Data section Block Start

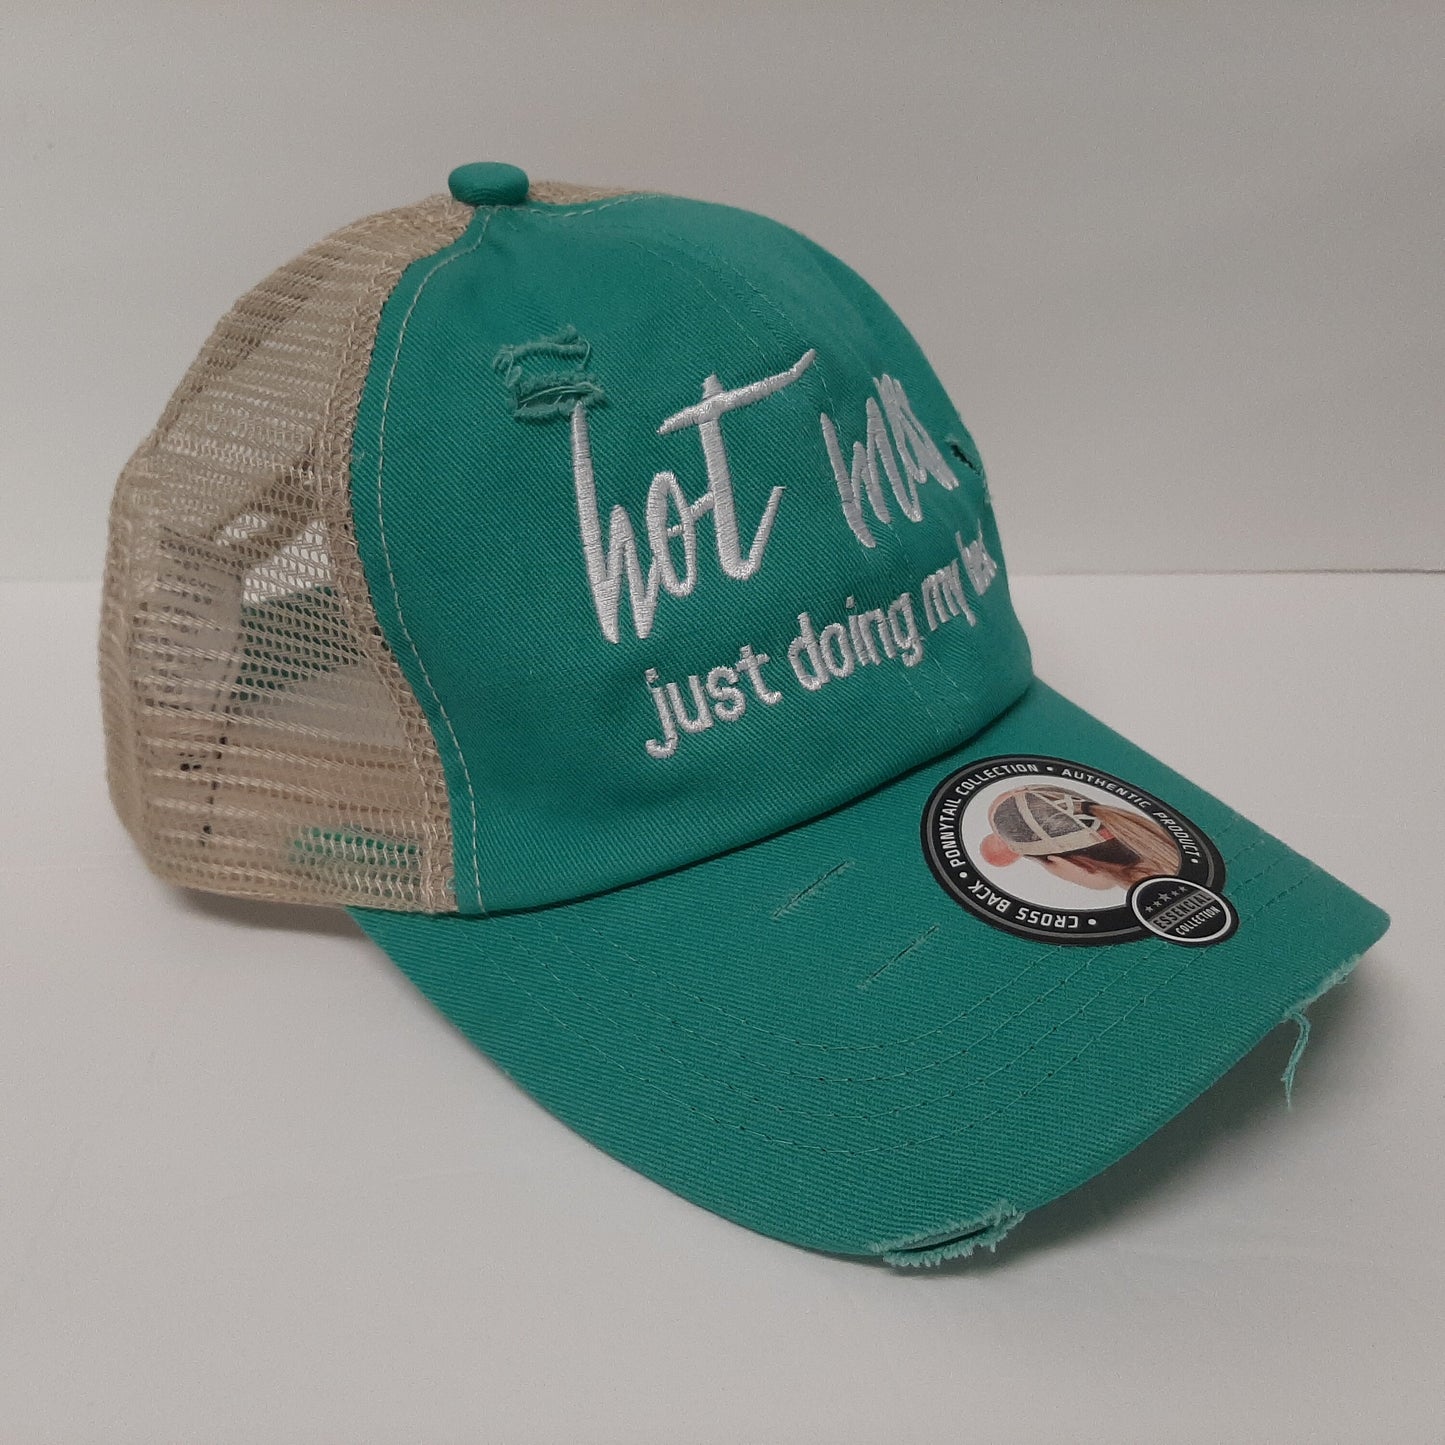 Hot Mess Women's Embroidered Pony Tail Criss Cross Hat Cap Teal Cotton
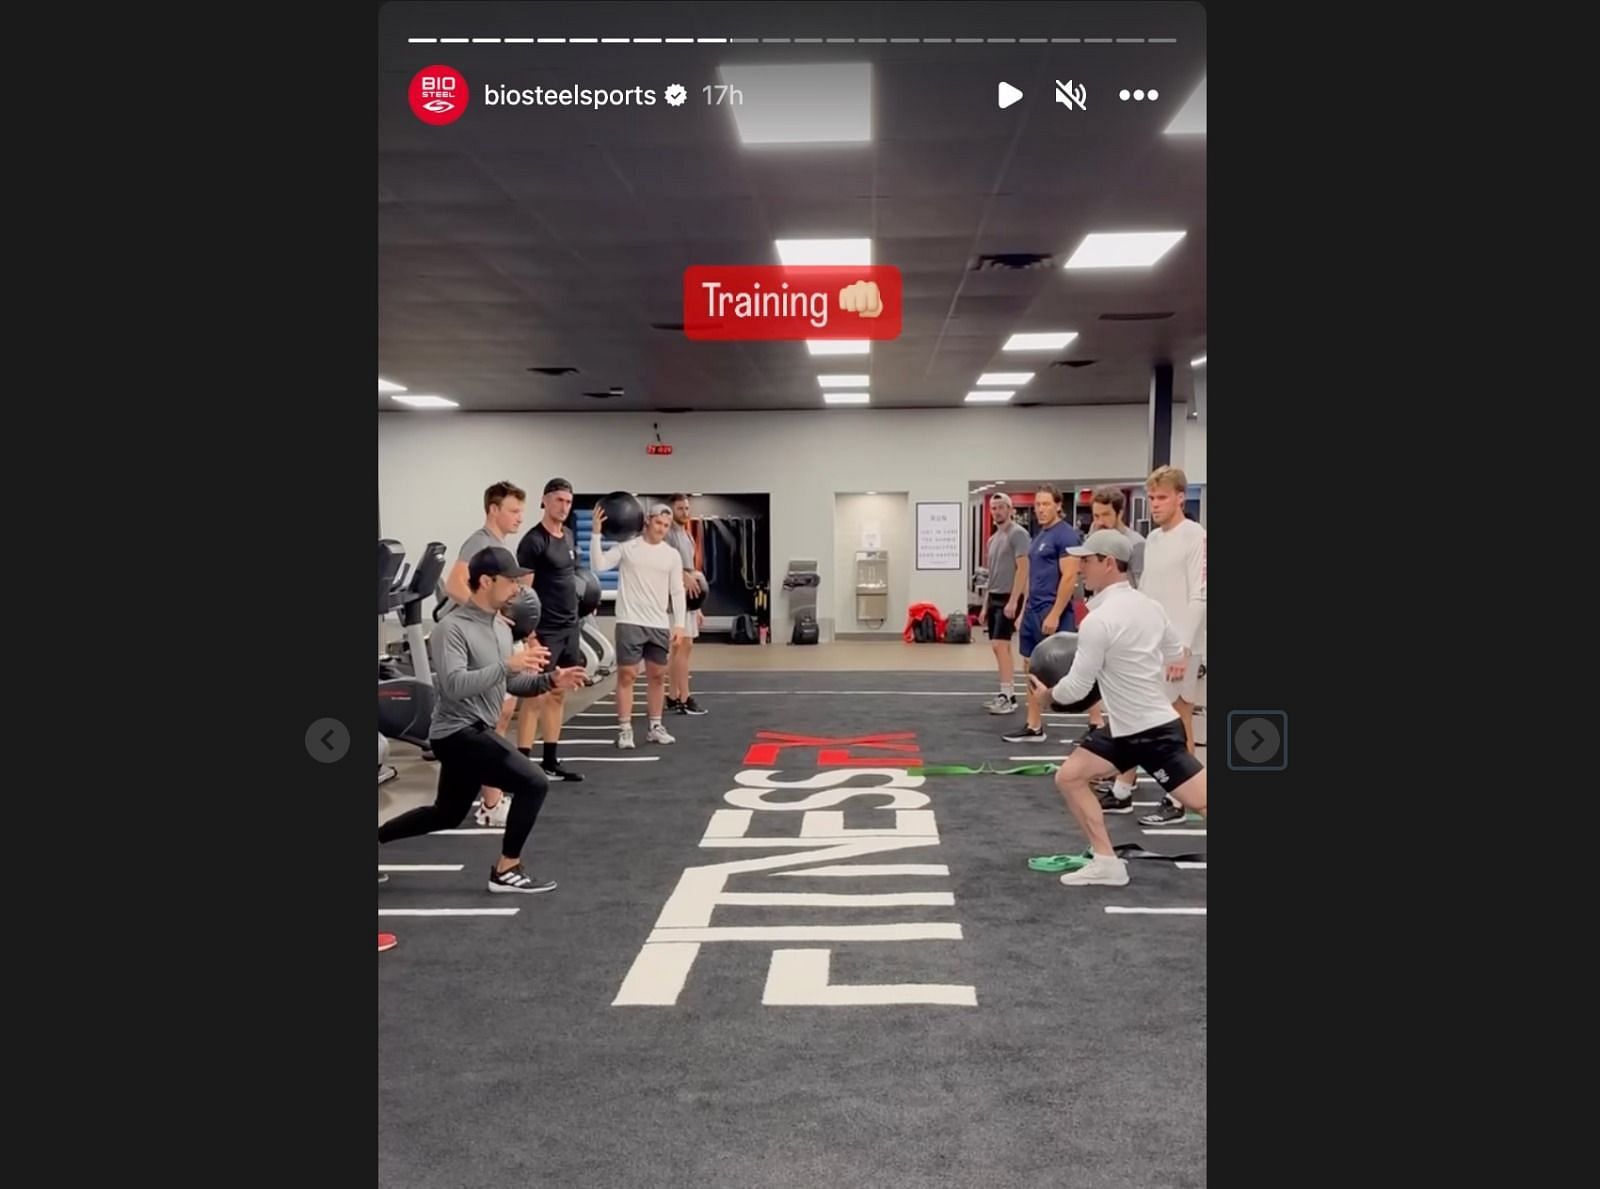 Multiple NHL superstars including the likes of Connor McDavid and Connor Bedard were spotted at ﻿the BioSteel training camp
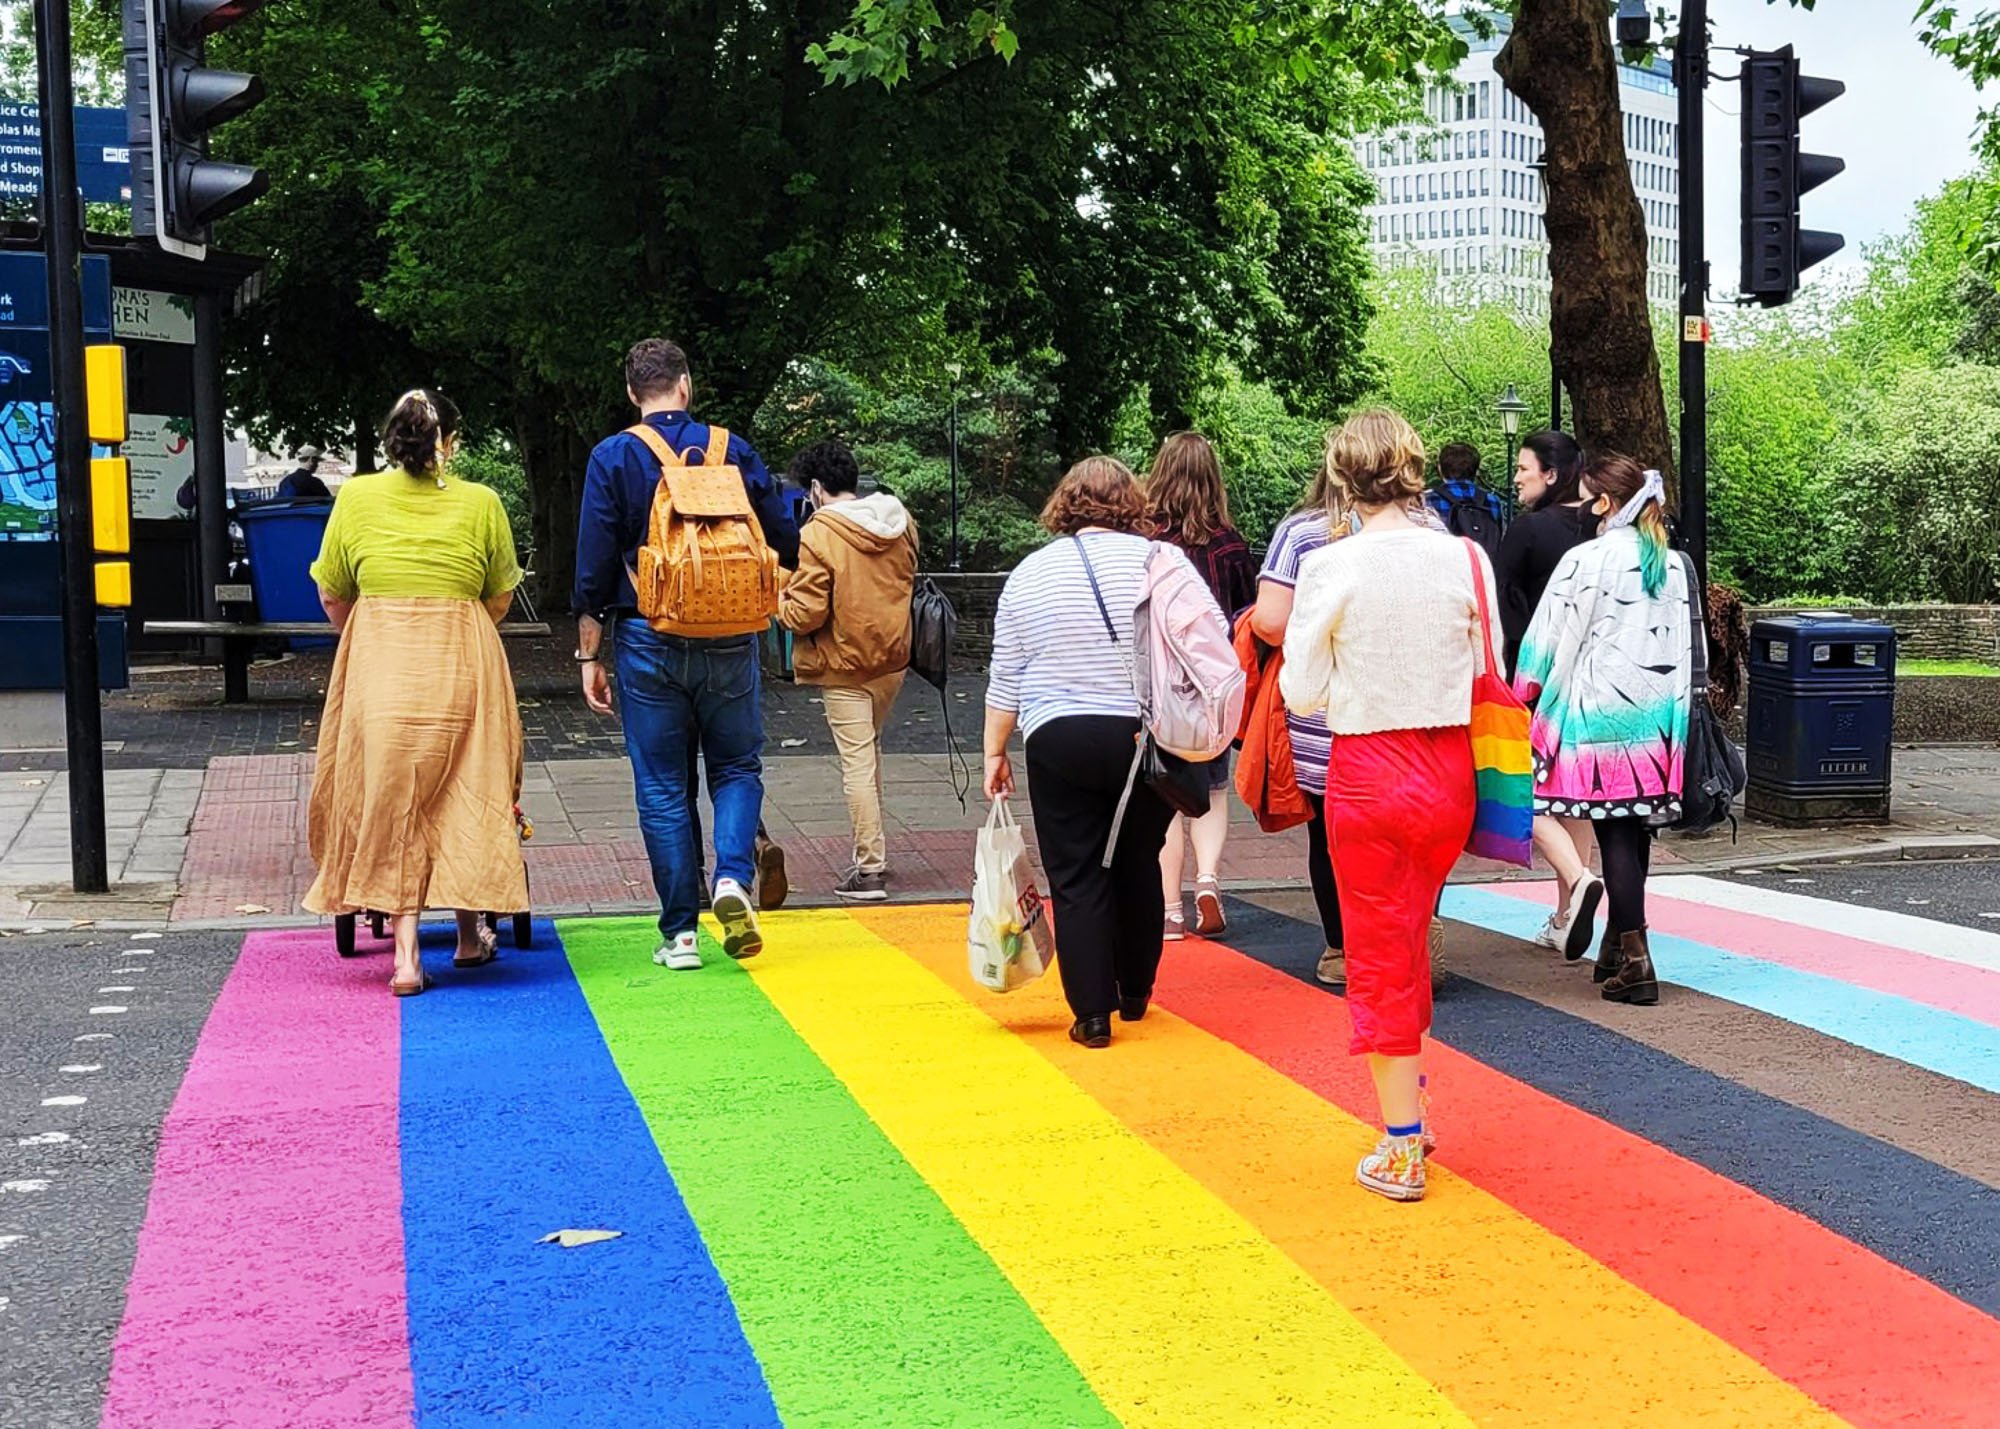 Pedestrians crossing a zebra crossing painted in rainbow colours.

Data section Block End

Problem to solve: Pictures excluded, quote all the data above exactly.

Solution for this task:
 Hot Mess Women's Embroidered Pony Tail Criss Cross Hat Cap Teal Cotton
 Multiple NHL superstars including the likes of Connor McDavid and Connor Bedard were spotted at ﻿the BioSteel training camp
 Pedestrians crossing a zebra crossing painted in rainbow colours.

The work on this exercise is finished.